TraceGuard: Process-Guided Firewall against Reasoning Backdoors in Large Language Models
Zhen Guo 1, Shanghao Shi 2, Hao Li 1, Shamim Yazdani 2, Ning Zhang 2, Reza Tourani 1
Published on arXiv
2603.02436
Model Poisoning
OWASP ML Top 10 — ML10
Prompt Injection
OWASP LLM Top 10 — LLM01
Key Finding
A 4B-parameter TraceGuard verifier achieves forensic precision on unseen reasoning backdoor attacks — including latent backdoors and post-hoc rationalizations — that rivals architectures two orders of magnitude larger, while maintaining robustness against grey-box adaptive adversaries.
TraceGuard
Novel technique introduced
The deployment of Large Reasoning Models (LRMs) in high-stakes decision-making pipelines has introduced a novel and opaque attack surface: reasoning backdoors. In these attacks, the model's intermediate Chain-of-Thought (CoT) is manipulated to provide a linguistically plausible but logically fallacious justification for a malicious conclusion. While frontier models exhibit an intrinsic capacity to detect these fractures, compact, deployable models suffer from a fundamental verification gap, relying on fragile lexical heuristics that are easily bypassed by motivated adversaries. To bridge this gap, we propose TraceGuard, a process-guided security framework that transforms small-scale models into robust reasoning firewalls. Our approach treats the reasoning trace as an untrusted payload and establishes a defense-in-depth strategy through three synergistic phases: (1) Automated Forensic Synthesis, which generates contrastive reasoning pairs to isolate the specific logical point of fracture; (2) Step-Aware Supervised Fine-Tuning (SSFT), to instill a structural verification grammar; and (3) Verifier-Guided Reinforcement Learning (VGRL), utilizing Group Relative Policy Optimization. We identify and mitigate a critical failure mode of baseline alignment - lexical overfitting - whereby verifiers memorize adversarial triggers rather than auditing logical integrity.
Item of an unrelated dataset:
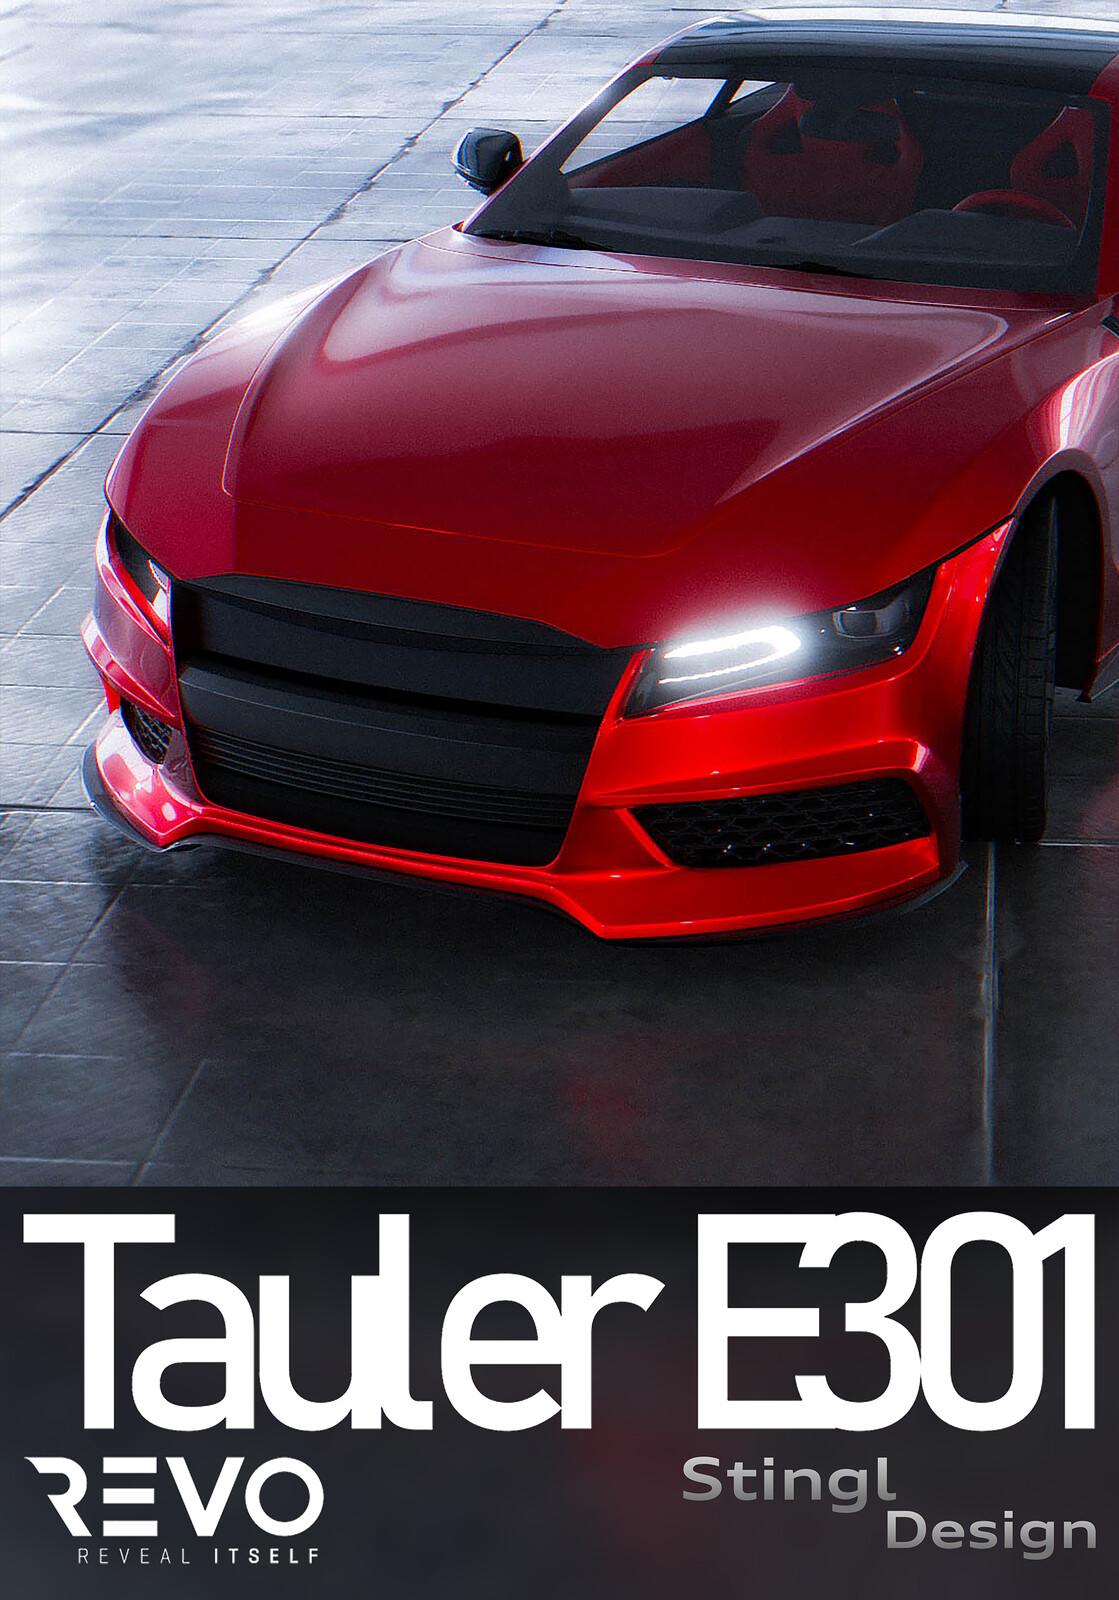 Tauler E301

Our empirical evaluation demonstrates that TraceGuard acts as a security force multiplier: a 4B-parameter verifier achieves forensic precision on unseen attacks - including latent backdoors and post-hoc rationalizations - that rivals architectures two orders of magnitude larger. We further demonstrate robustness against adaptive adversaries in a grey-box setting, establishing TraceGuard as a viable, low-latency security primitive for the Trusted Computing Base.
Key Contributions
- Automated Forensic Synthesis pipeline that generates contrastive reasoning pairs to isolate the specific logical 'point of fracture' in manipulated CoT traces
- Step-Aware Supervised Fine-Tuning (SSFT) + Verifier-Guided Reinforcement Learning (VGRL) using GRPO to train compact verifiers that audit logical structure rather than memorizing adversarial trigger patterns
- Identification and mitigation of 'lexical overfitting' — a critical failure mode where baseline verifiers learn surface-level trigger patterns instead of genuine logical integrity checks
🛡️ Threat Analysis
The paper's primary threat model is 'reasoning backdoors' — training-time backdoors embedded in LRMs that activate hidden malicious behavior through manipulated Chain-of-Thought traces. TraceGuard is a defense that detects latent backdoors and post-hoc CoT rationalizations, directly addressing the backdoor/trojan threat class.